Framework Desktop: How to Expand your Unified Memory For LLM Use
If you own a Framework Desktop, or think about owning one (check our review!), this post may be useful to help you get the most out of your gear. If you are considering the Framework Desktop to run Large Language Models (LLMs) at home (which is an excellent choice, especially if you use Mixture of Experts models), you want top get the 128 GB RAM model. And after that, you certainly want to maximize the memory available to host such models.

By default, out of the box, on you typical Fedora install, the available memory is split in two parts: 64GB for the iGPU and the rest for the system RAM. This is already good enough to run a bunch of models, but if you really want to make the most out of it, and use for example GPT-OSS 120b with a lot of context, you will be very short at 64 GB VRAM - as the model already takes, by default, about 60 GB in memory to start with.
First stop: the BIOS
Hit F2 when starting your machine to go into the BIOS, go into advanced settings, until you see the memory allocation for the iGPU. There are 4 different options available.
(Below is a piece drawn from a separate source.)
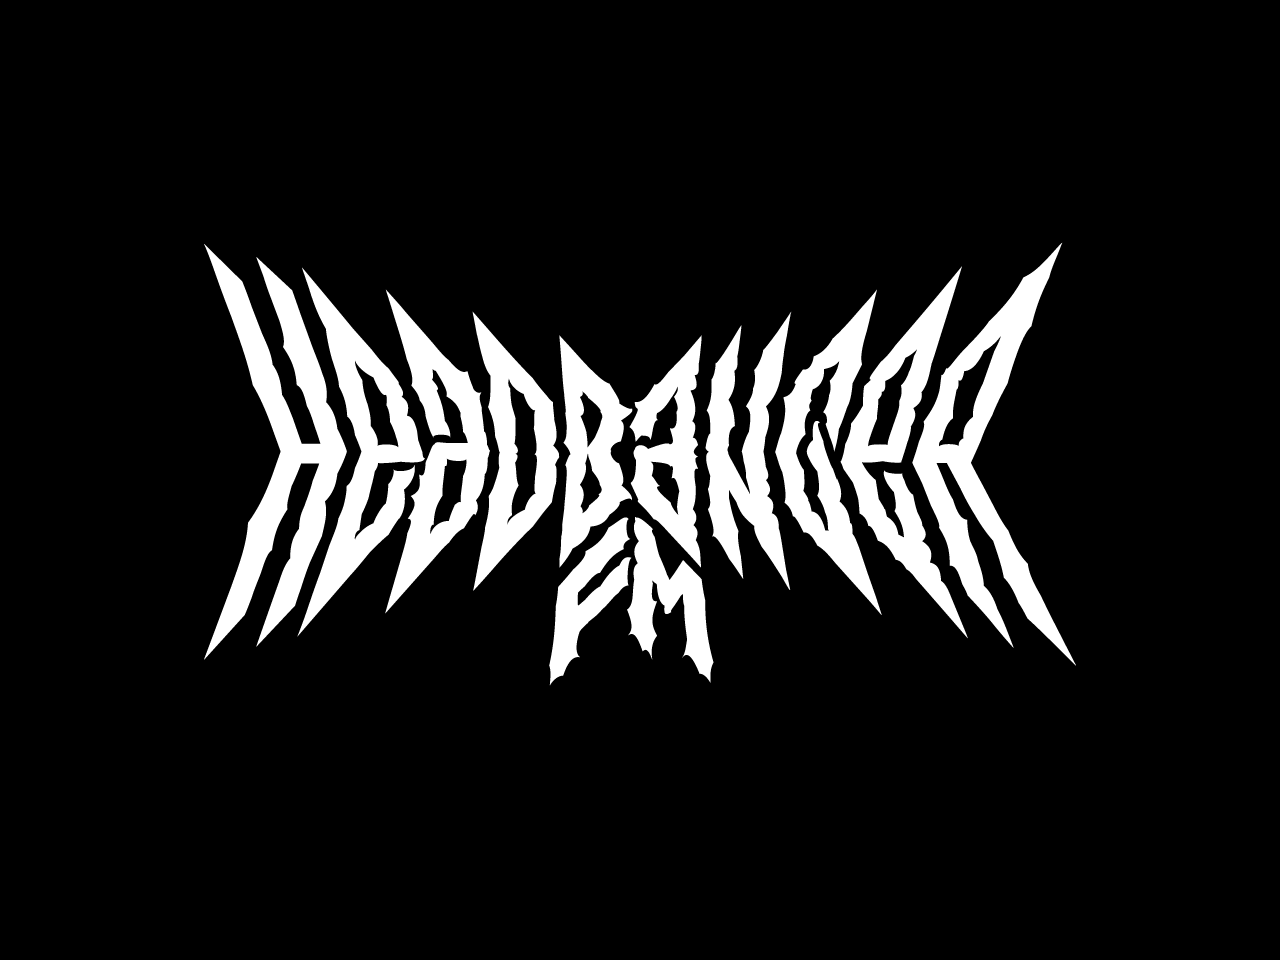 Headbanger_FM

The most drastic one consists in giving the strict minimum for the iGPU (0.5 GB RAM) but this is not going to cut it for me, as I also want to use the Framework Desktop for gaming on the side. So I go for the 32GB option for the iGPU, which still gives me more than 90 GB available for the unified memory.
Note that this setting is necessary, but not sufficient.
Next stop: OS Settings
You just need to run the following commands to set 90 GB of Unified VRAM, and then reboot:
sudo grubby --update-kernel=ALL --args='ttm.pages_limit=23040000'
sudo grubby --update-kernel=ALL --args='amdttm.page_pool_size=23040000'
sudo reboot
In case you want to adjust to a different amount of VRAM, you can follow this formula: total vram in MB * 1024 * 1024 / 4096
In our case: 90000 * 1024 * 1024 / 4096 equals 23040000.
After reboot, you can inspect the setup and confirm it worked as expected:
sudo dmesg | grep "amdgpu.*memory"
And you should see the following result:

As you can see the second line clearly shows the 90GB of unified memory allocation.
And we can prove that it works by loading the full model of GPT OSS 120b, which takes more than 70GB VRAM with the 120k context window.

And we can see that the full GPU offload is working as we get close to 50 tokens/s (base speed when little context is used, will decrease as the conversation context increases, of course).

Very impressive!
At 50 tokens per second, you can do a LOT of things with this kind of hardware. We’ll talk use cases pretty soon.